It's a disease where your immune system attacks your nerves.
Now he's lost his ability to walk, get out of bed, and (thanks to an ever-breaking wheelchair) many days, that's right where he stayed.
"It felt like I was just wasting away," AJ said.
A non-profit called Clay Pot Ministries and the community stepped in to help, and surprised the medically retired officer with a handicap accessible van, a motorized wheelchair and more than $4,000.
"We had someone from the Raleigh Police Department, who unfortunately lost a family member earlier this year, and wanted him to have the van," Trudy Thornton, executive director of Clay Pot Ministries, said.
Before, he had no way of getting around, robbing him of precious moments with his 10-year-old son and 6-year-old daughter.
"I can't run and play with them like I want to," AJ said. "MS has taken that freedom away from me."

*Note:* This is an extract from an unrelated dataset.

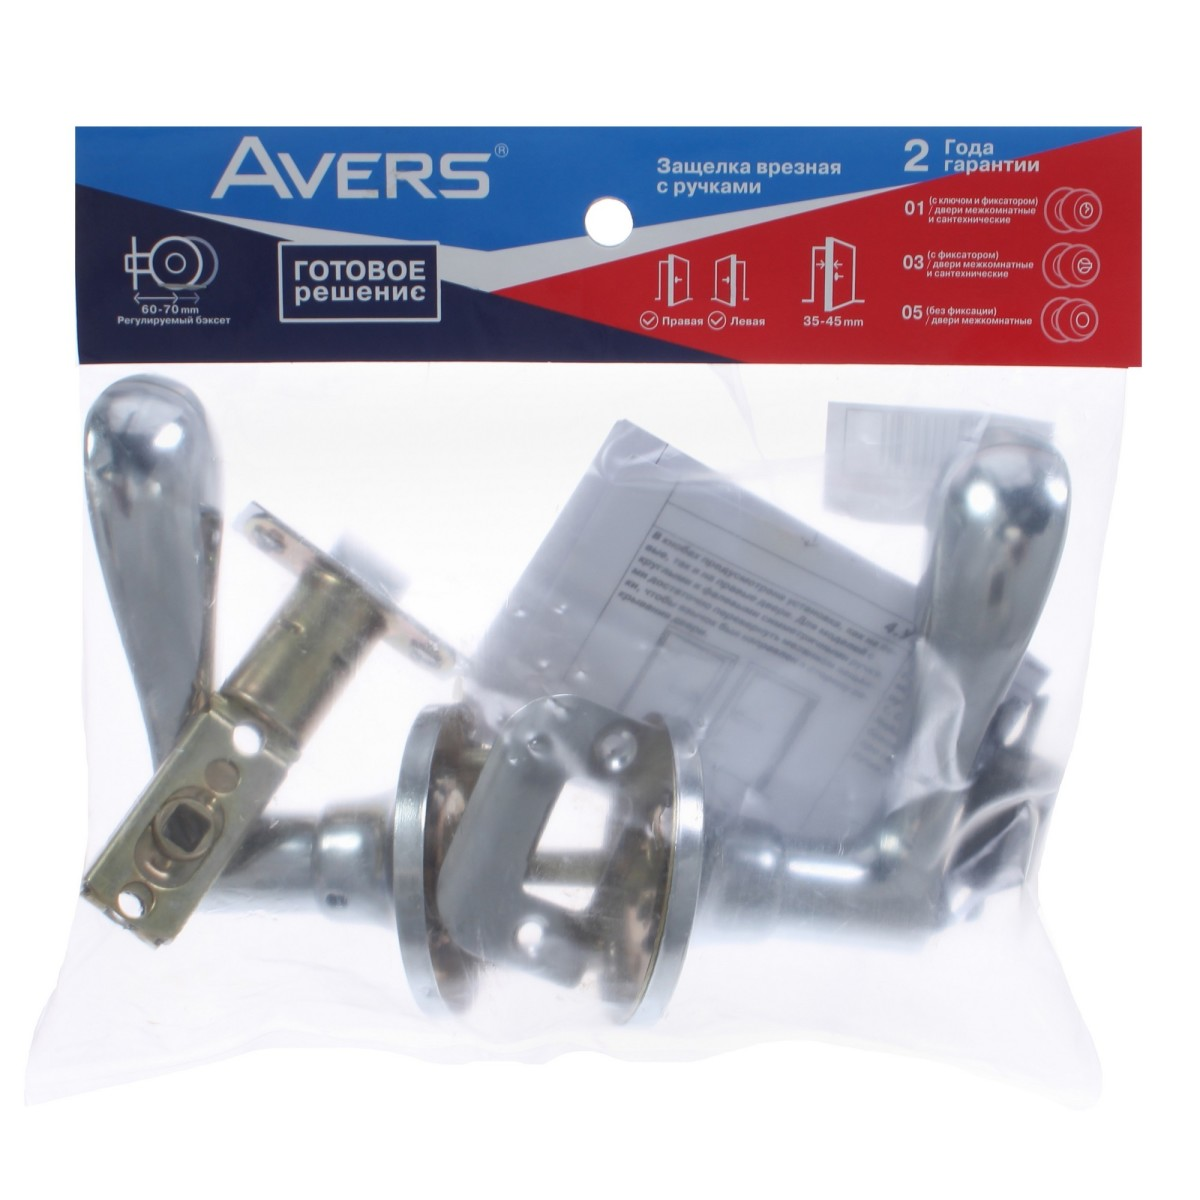 Ручка-Защёлка Avers 8091-05-Cr Без Запирания Сталь Цвет Хром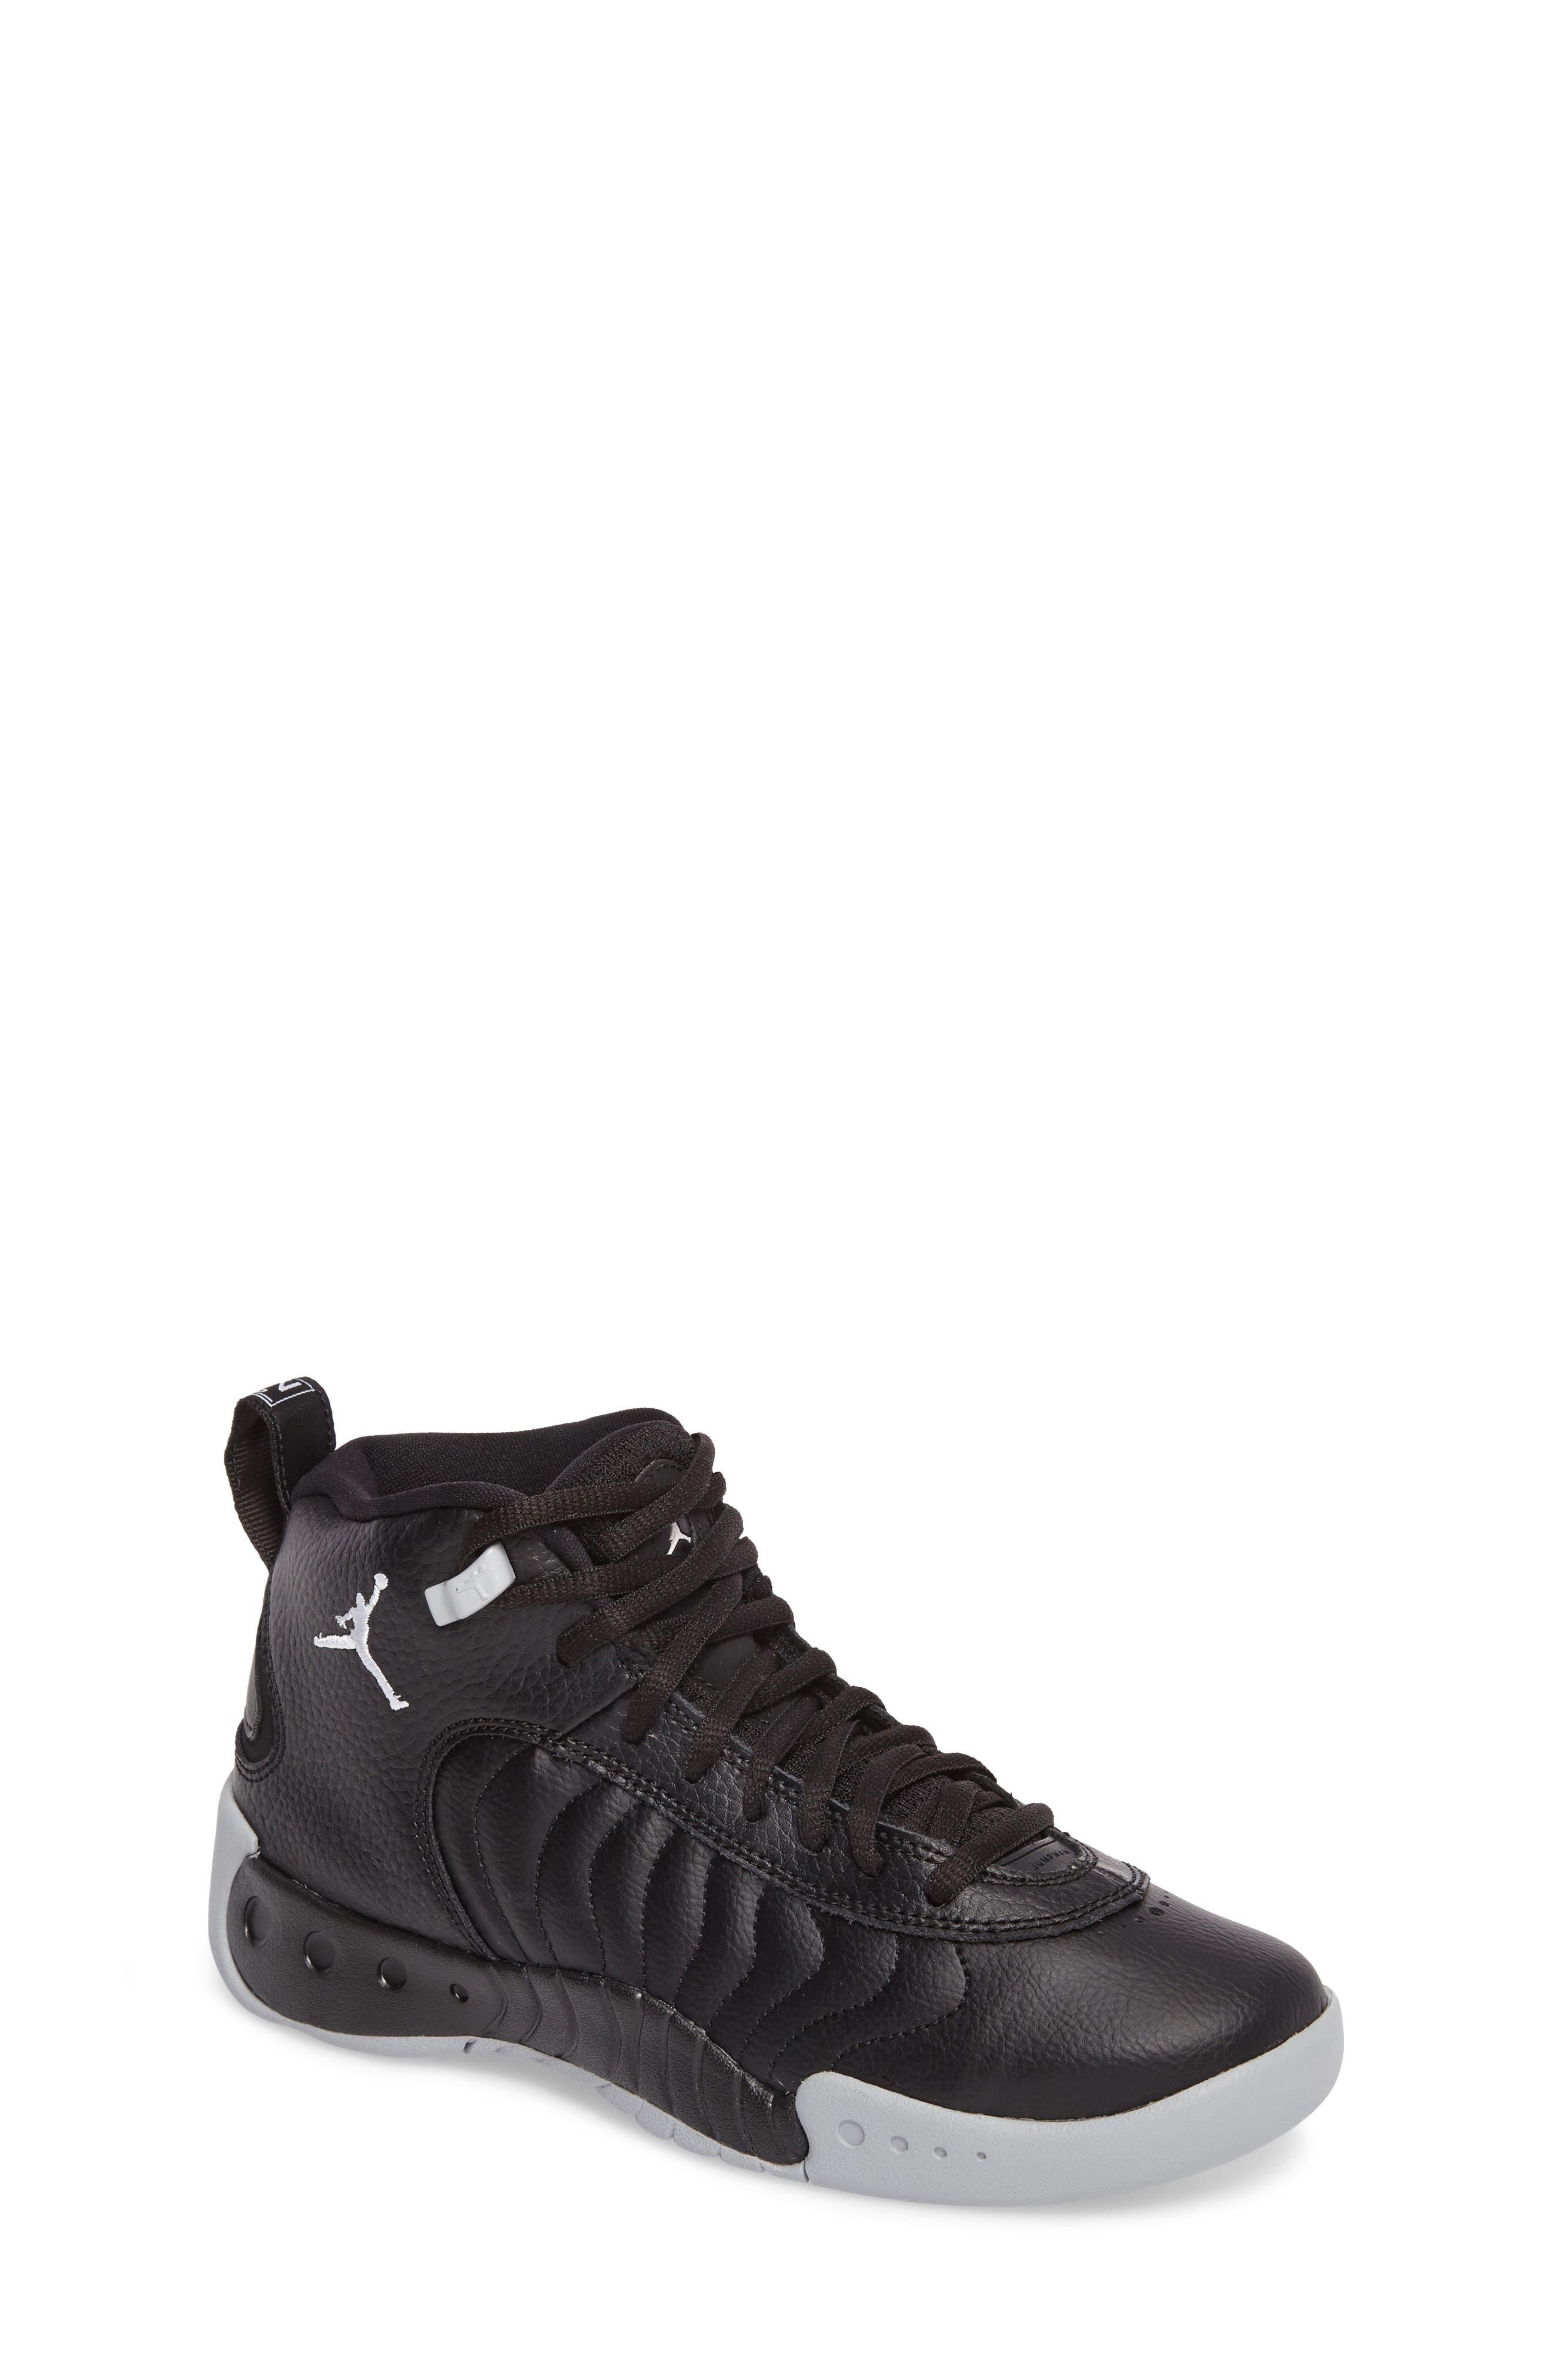 Jumpman Pro BG Mid Top Sneaker,                         Main,                         color, 012

"You learn to make the best out of the smallest moments," his wife, Teresa Luedtke, said. "Even if it's just, we had a great day and AJ was able to come out and spend time in the living room, today."
And that's exactly what AJ does - messing around with his new wheelchair, making it incline as far back as it can go.
"It does everything but the massage," he said.
"Don't go too far," someone in the room shouts. "That's good."
"The van gives me a lot of it back," AJ said.
"Thank you really doesn't even cover it," Teresa said. "We are so beyond blessed to be able to have this opportunity."
"Now all I need is a massage," AJ laughs.